Re: [Numpy-discussion] Indexing a masked array with another masked array leads to unexpected results
On Fri, Nov 4, 2011 at 5:26 AM, Pierre GM
On Nov 03, 2011, at 23:07 , Joe Kington wrote:
I'm not sure if this is exactly a bug, per se, but it's a very confusing consequence of the current design of masked arrays… I would just add a "I think" between the "but" and "it's" before I could agree.
Consider the following example:
import numpy as np
x = np.ma.masked_all(10, dtype=np.float32) print x x[x > 0] = 5 print x
The exact results will vary depending the contents of the empty memory the array was initialized from.
Not a surprise. But isn't mentioned in the doc somewhere that using a masked array as index is a very bad idea ? And that you should always fill it before you use it as an array ? (Actually, using a MaskedArray as index used to raise an IndexError. But I thought it was a bit too harsh, so I dropped it).

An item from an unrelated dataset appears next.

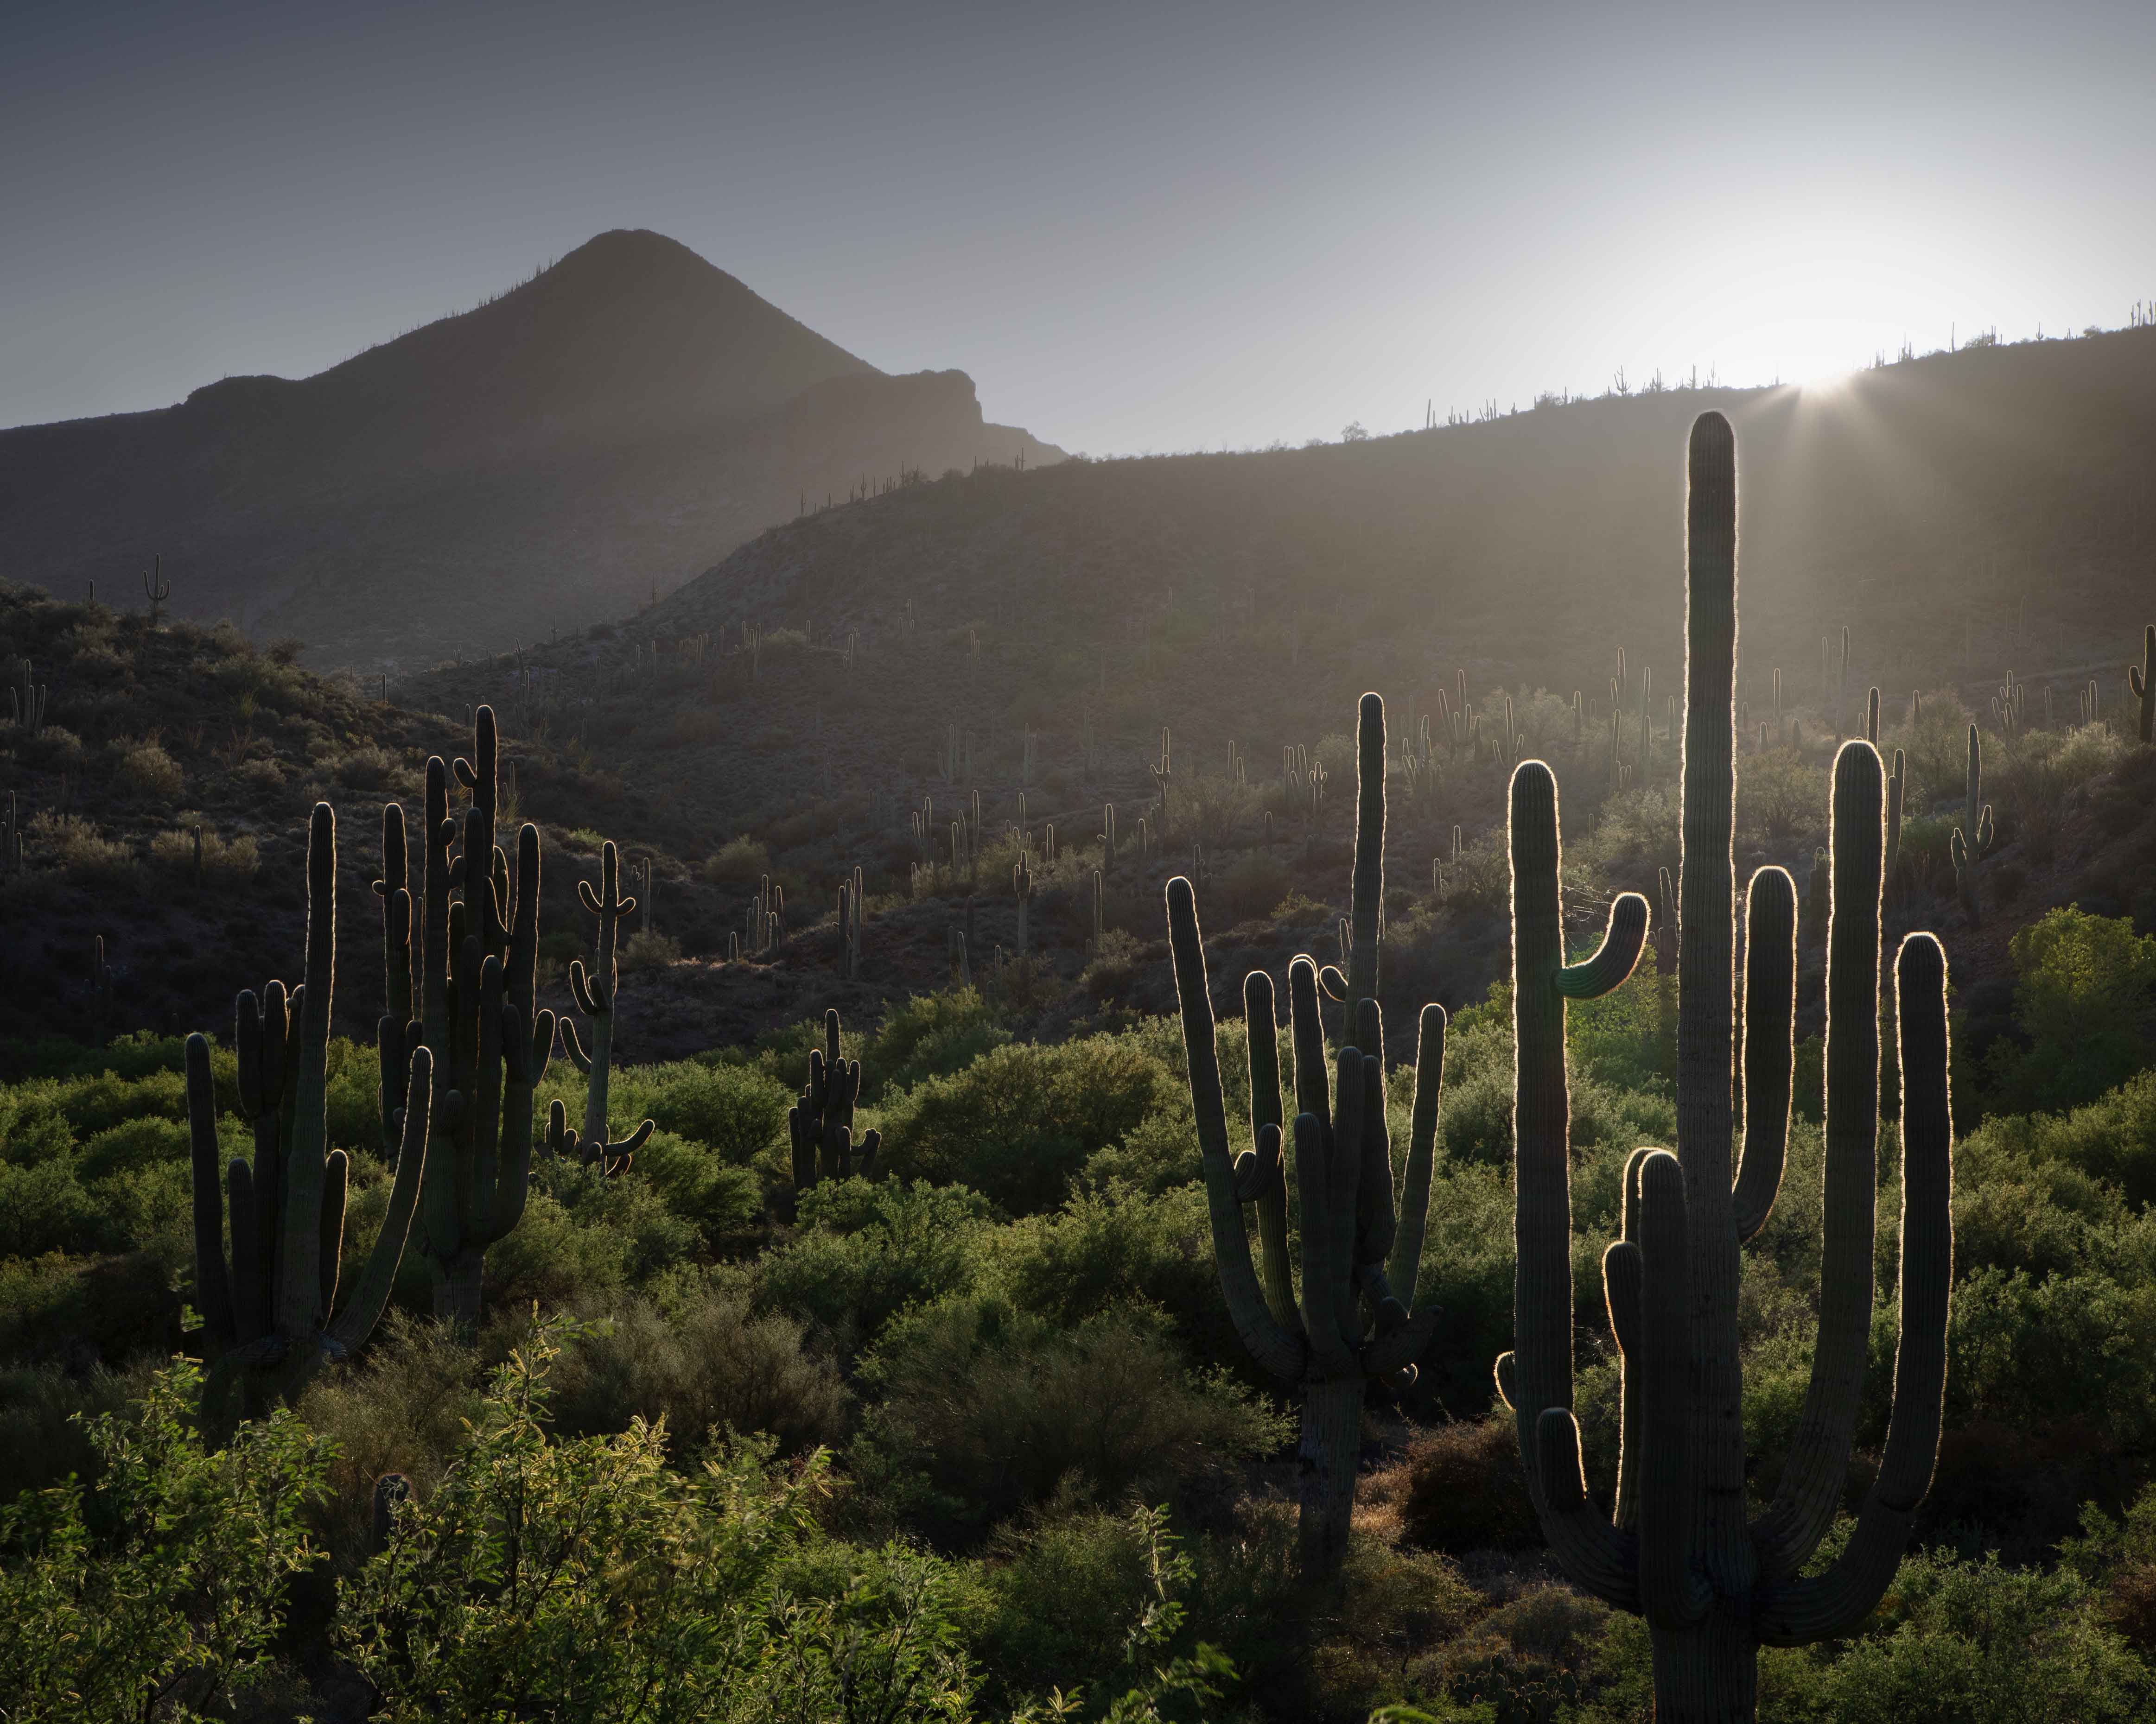 Heavily backlit saguaros at sunset in the Spur Cross Conservation area along Cave Creek, Arizona.

Not that I can find in the docs (Perhaps I just missed it?). At any rate, it's not mentioned in the numpy.ma section on indexing: http://docs.scipy.org/doc/numpy/reference/maskedarray.generic.html#indexing-... The only mention of it is a comment in MaskedArray.__setitem__ where the IndexError is commented out.
ma.masked_all is an empty array with all its elements masked. Ie, you have an uninitialized ndarray as data, and a bool array of the same size, full of True. The operative word is here "uninitialized".
This wreaks havoc when filtering the contents of masked arrays (and leads to hard-to-find bugs!). The mask of the array in question is altered at random (or, rather, based on the masked values as well as the masked ones).
Once again, you're working on an *uninitialized* array. What you should really do is to initialize it first, e.g. by 0, or whatever would make sense in your field, and then work from that.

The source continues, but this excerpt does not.